- [TASK GOAL]:
A partial copy is required: transcribe exactly the lines from the one containing "kleine elegante wachtkamer foto" through the last line below, without any pictures.

- [DATA]:
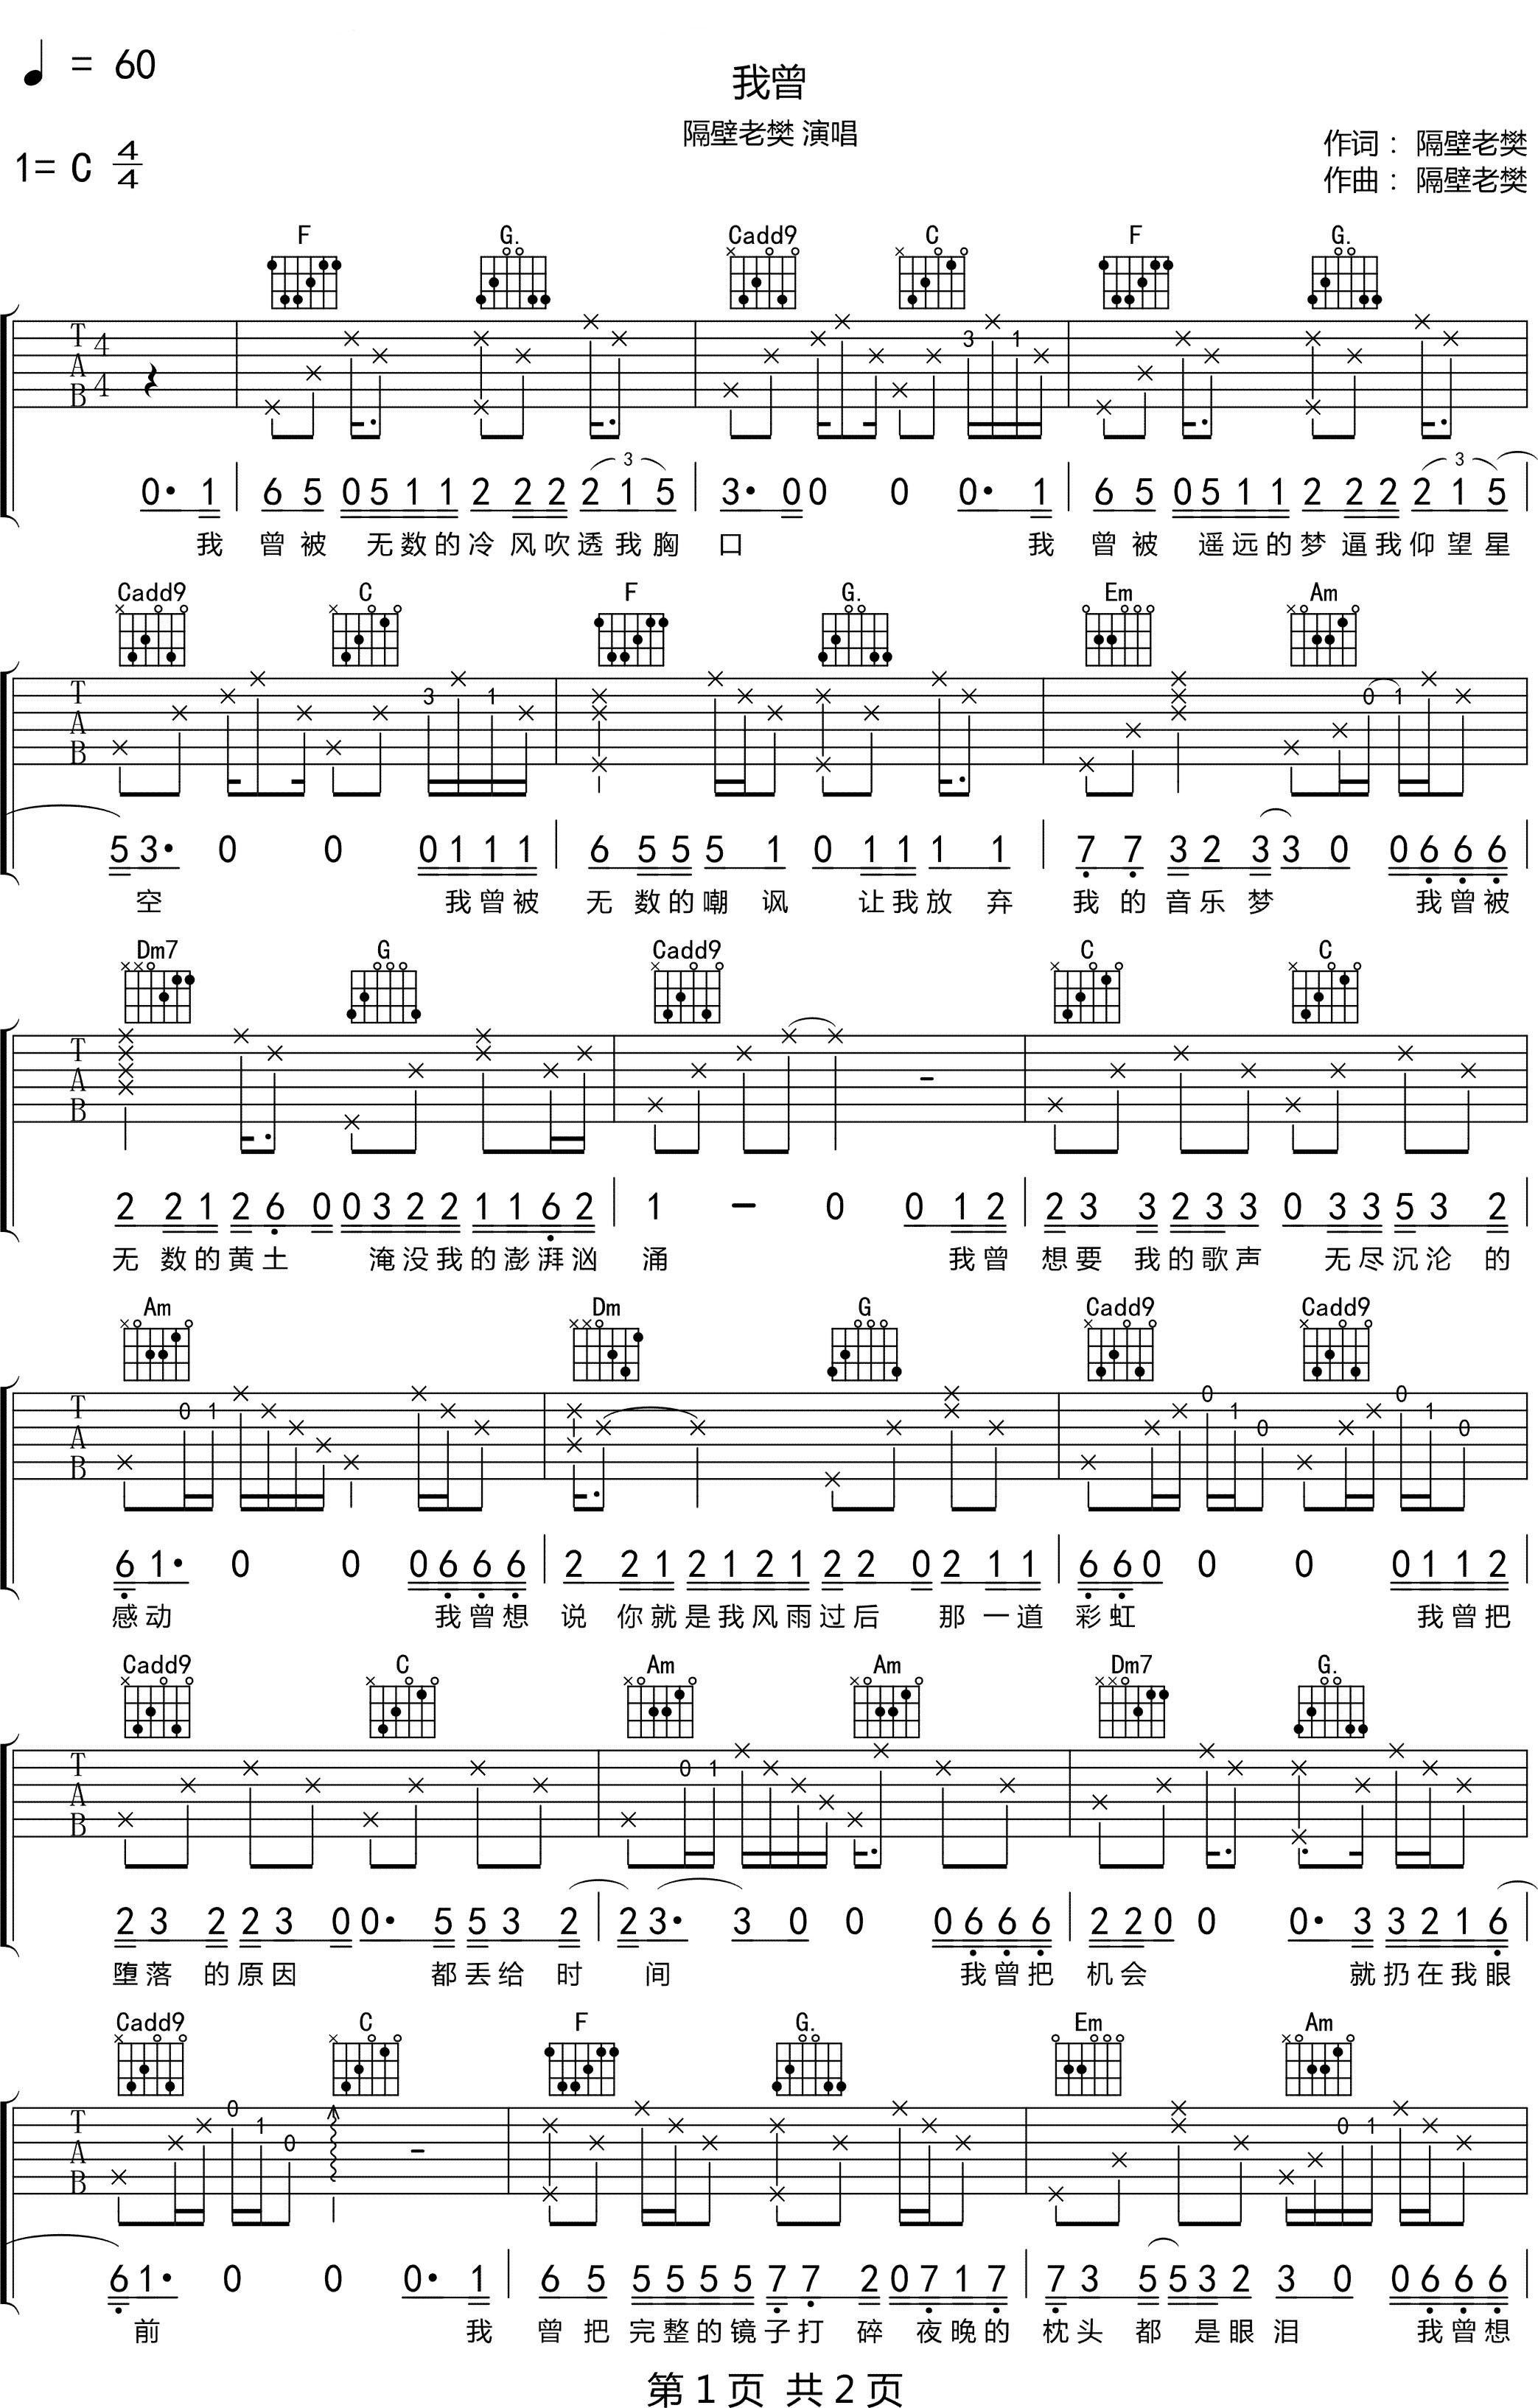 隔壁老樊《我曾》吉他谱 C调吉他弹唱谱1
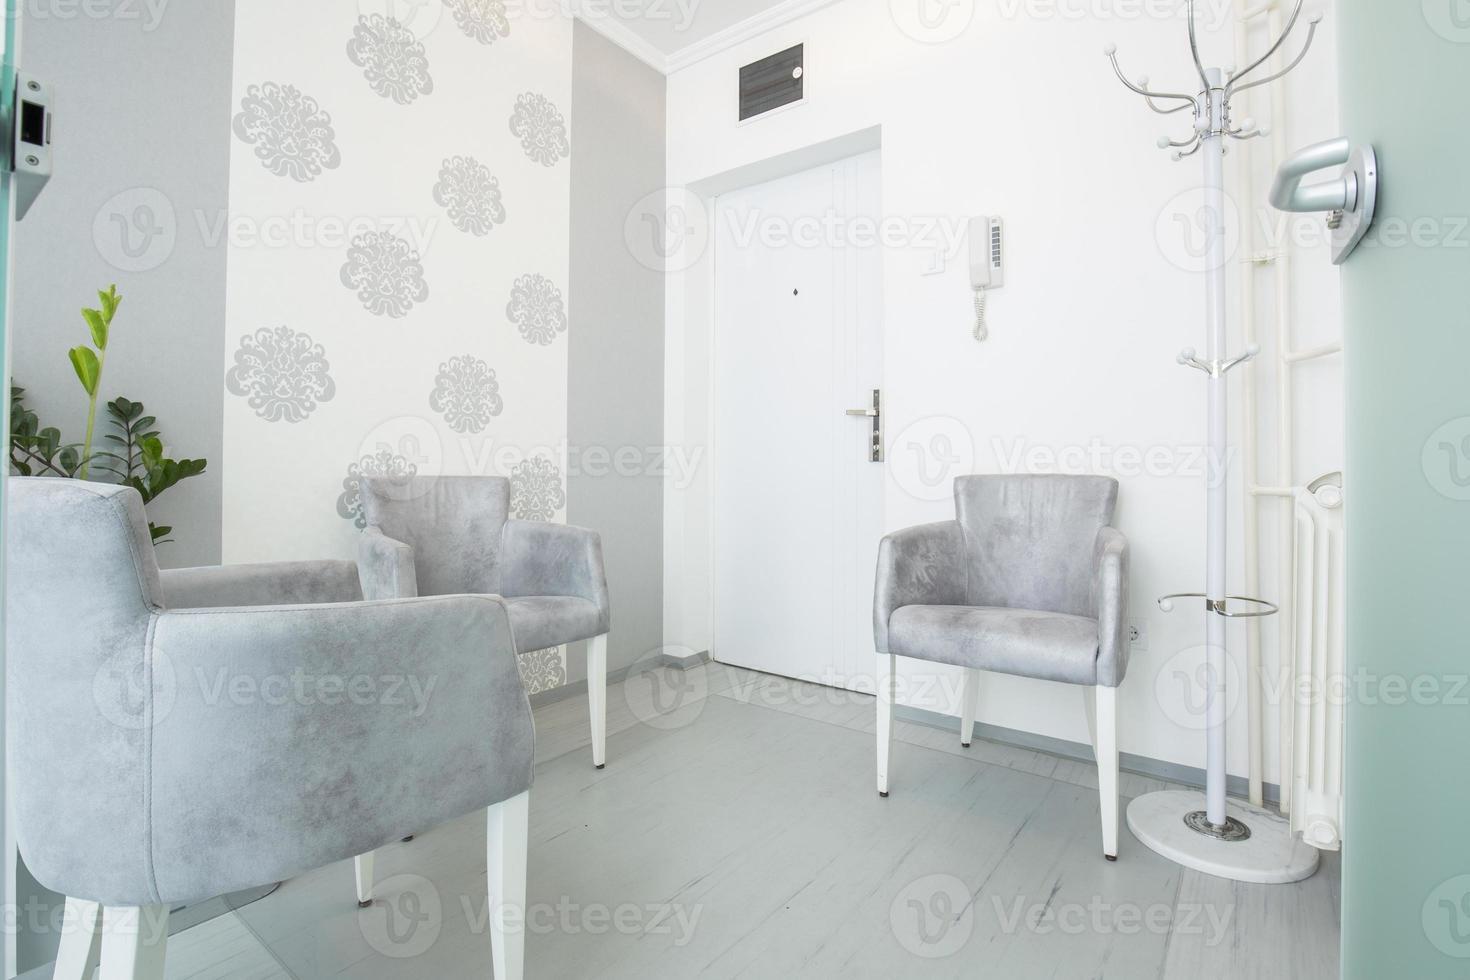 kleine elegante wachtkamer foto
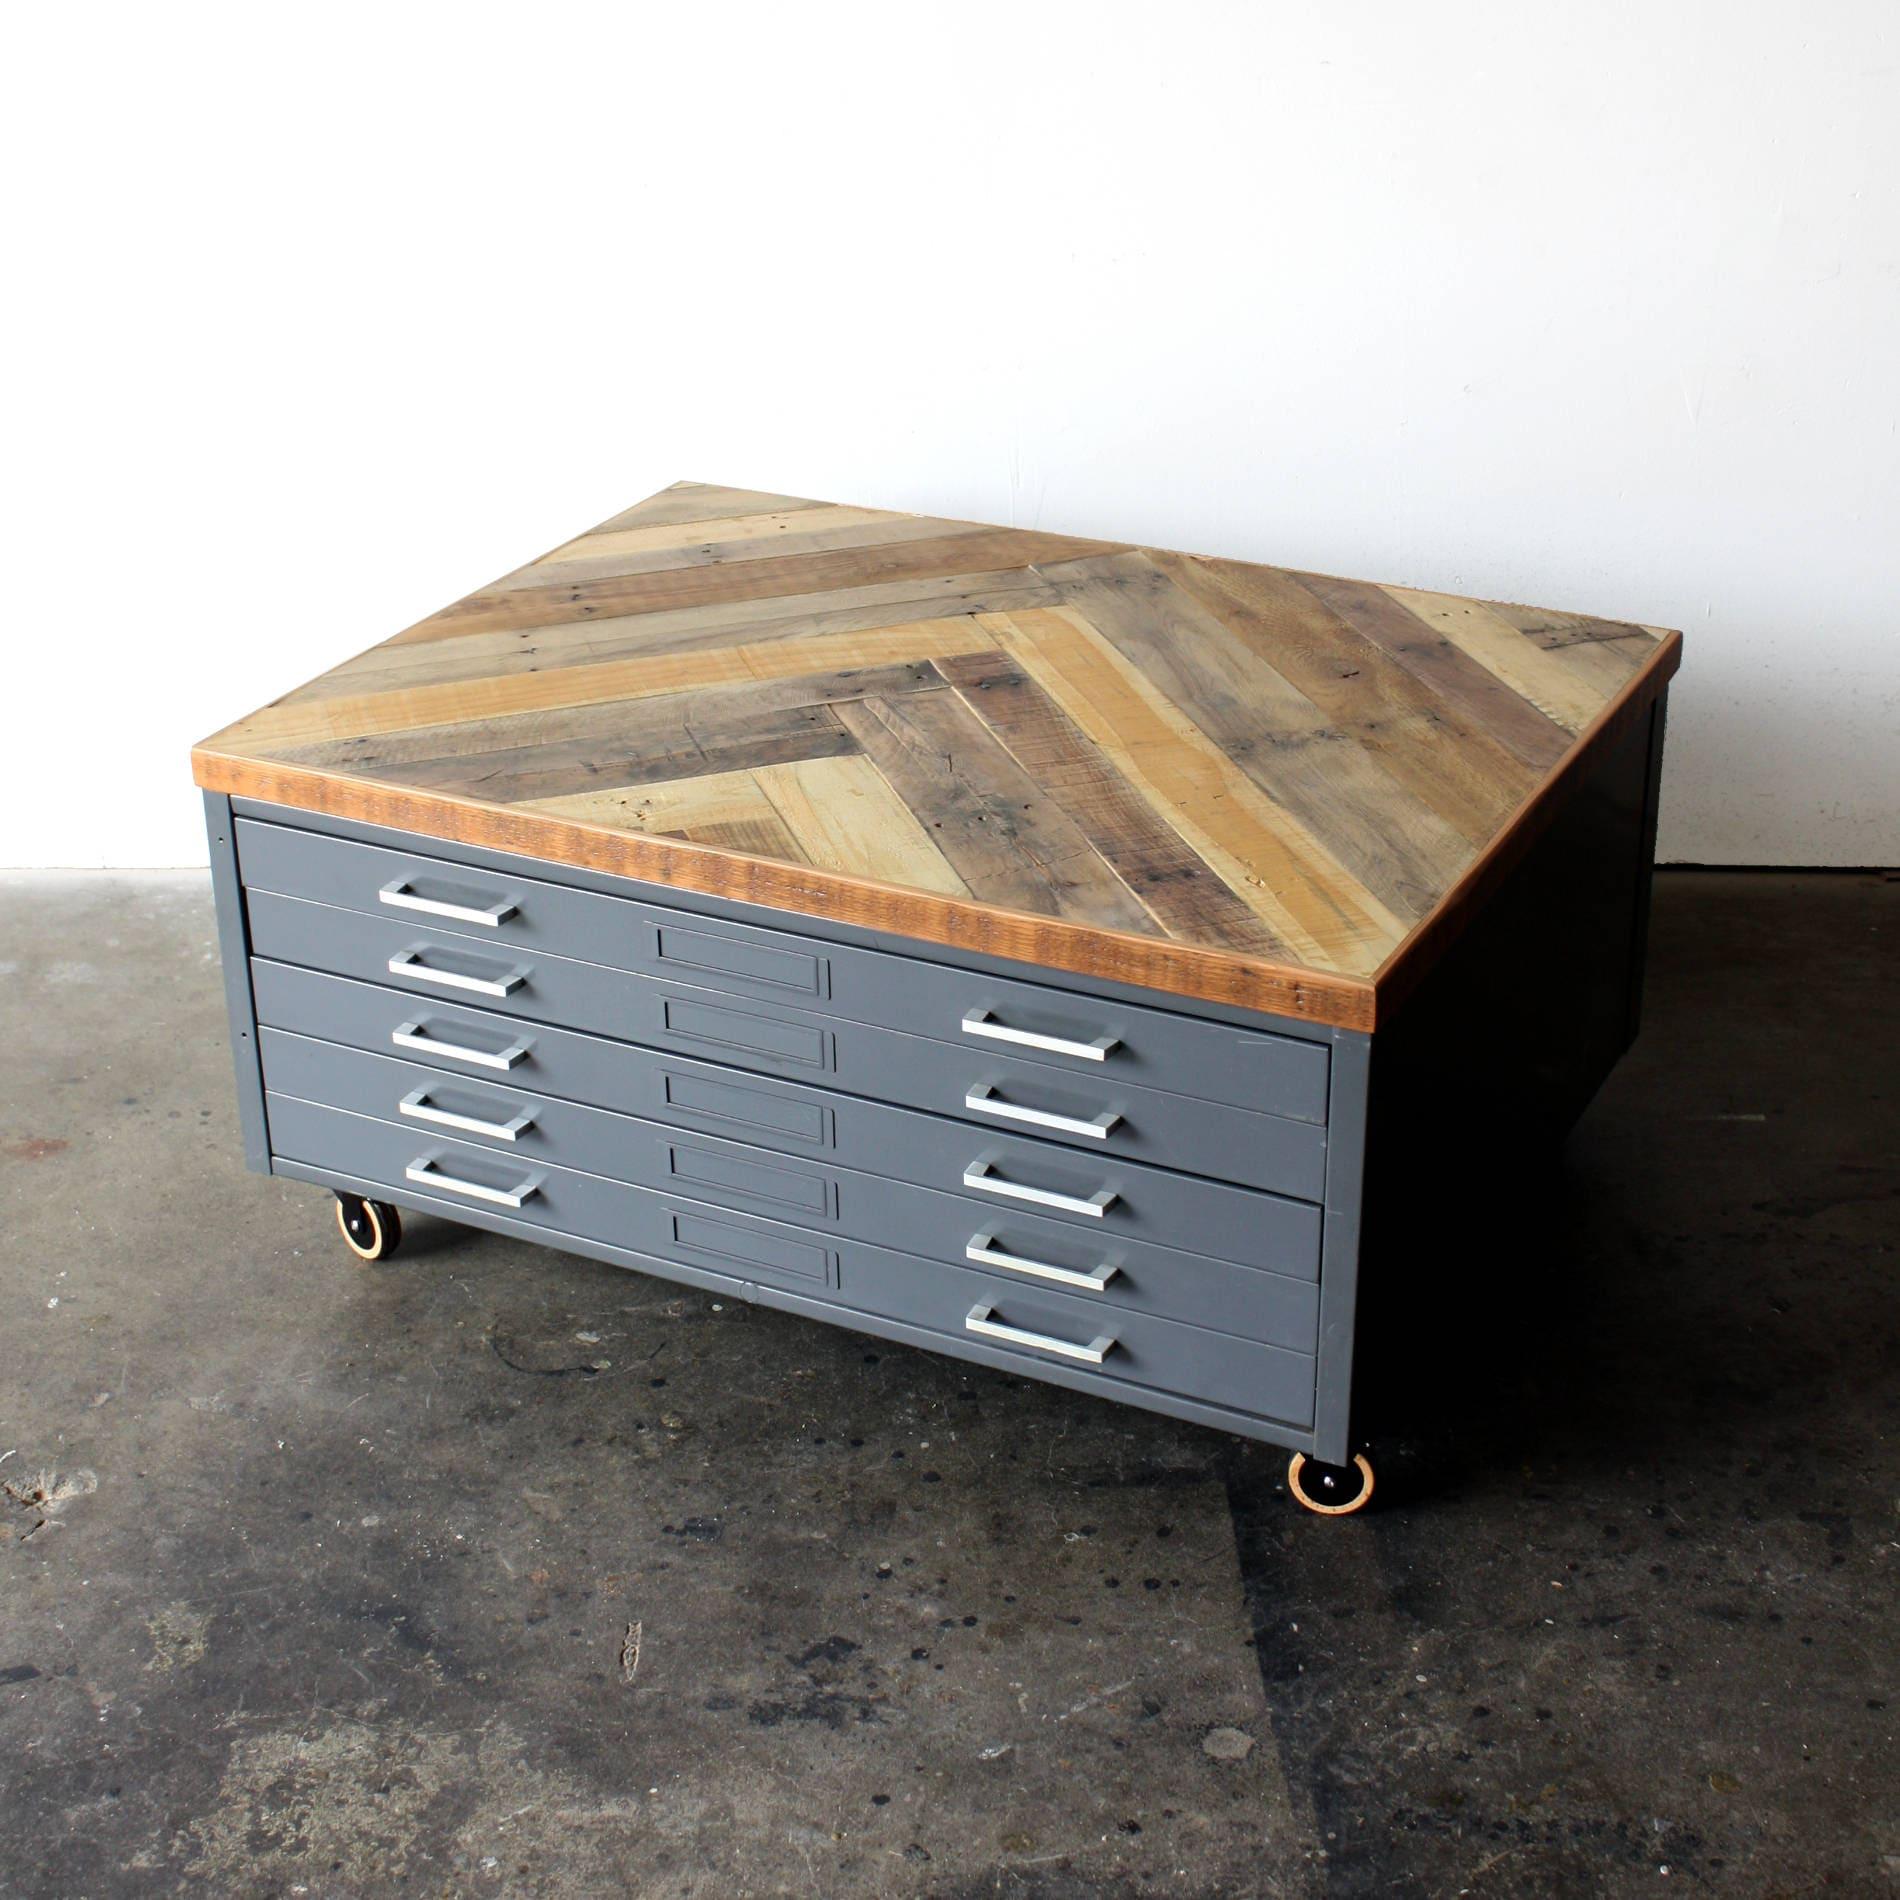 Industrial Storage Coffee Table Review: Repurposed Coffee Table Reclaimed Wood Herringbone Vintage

- [SOLUTION]:
 kleine elegante wachtkamer foto
 Industrial Storage Coffee Table Review: Repurposed Coffee Table Reclaimed Wood Herringbone Vintage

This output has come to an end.